I don’t what effect the votes of Ben Nelson, Olympia Snowe etc. will have on their political careers. But whenever Senators cast votes on a bill like this, I think of New York State Assemblyman George Michaels:
Mr. Michaels personally favored a woman’s right to choose but had voted against the proposed law twice at the behest of the Cayuga County Democratic Committee. He did so at the beginning of April 1970 when the bill went down to a narrow defeat.
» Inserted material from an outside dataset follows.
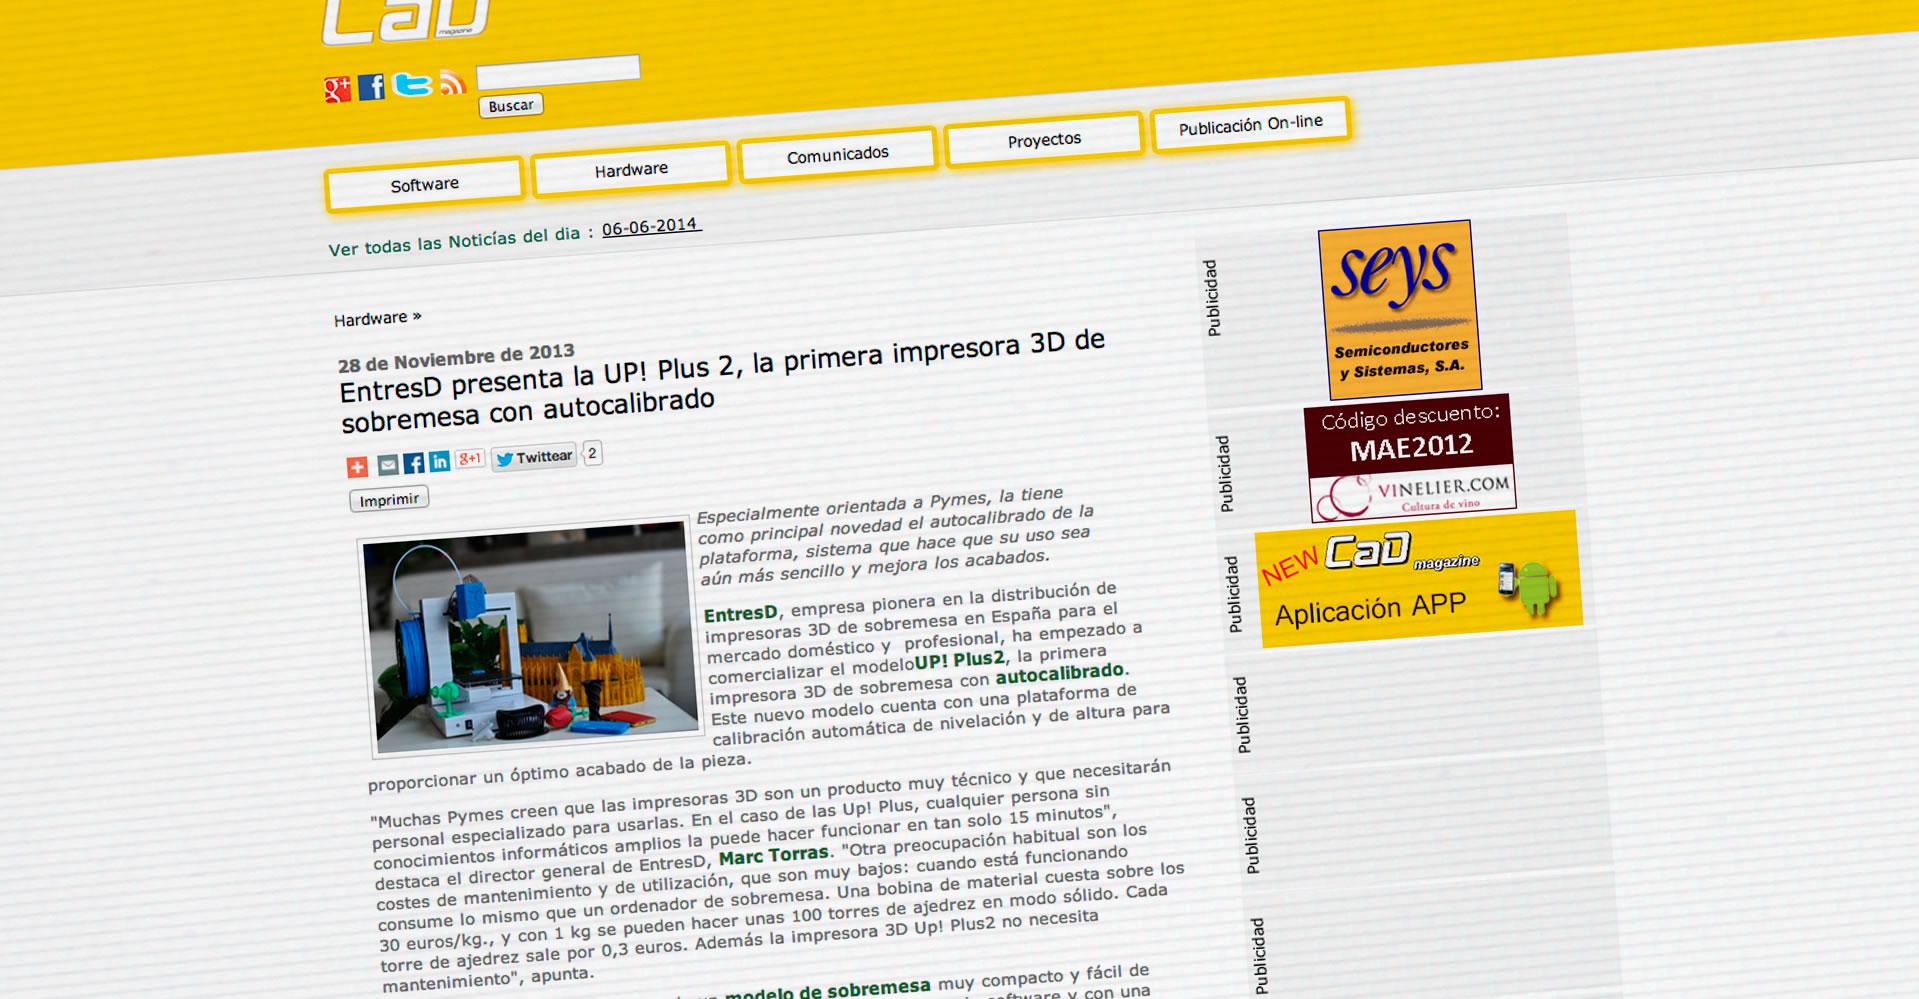 EntresD_presenta_la_UP__Plus_2__la_primera_impresora_3D_de_sobremesa_con_autocalibrado

But on April 9, he realized that the measure was doomed without his support. He rose to take the microphone, his hands trembling. “I realize, Mr. Speaker, that I am terminating my political career, but I cannot in good conscience sit here and allow my vote to be the one that defeats this bill,” he declared. “I ask that my vote be changed from ‘no’ to ‘yes.’ “
His tearful reversal provided the 76th vote needed for passage. The State Senate quickly added its approval and Gov. Nelson A. Rockefeller signed the bill into law. “I found myself caught up in something bigger than I am,” Mr. Michaels said about his agonizing decision. “I’m just a small country lawyer.”
Mr. Michaels sought a sixth term that year, but piqued county leaders denied him renomination and he lost the June primary in a four-way race.
Assemblyman George Michaels was never eulogized by David Broder. He never appeared on “Meet the Press” or earned millions of dollars as a lobbyist.
I feel bad that in this age no thinking person can use the phrase “principled decision” without a healthy dollop of irony.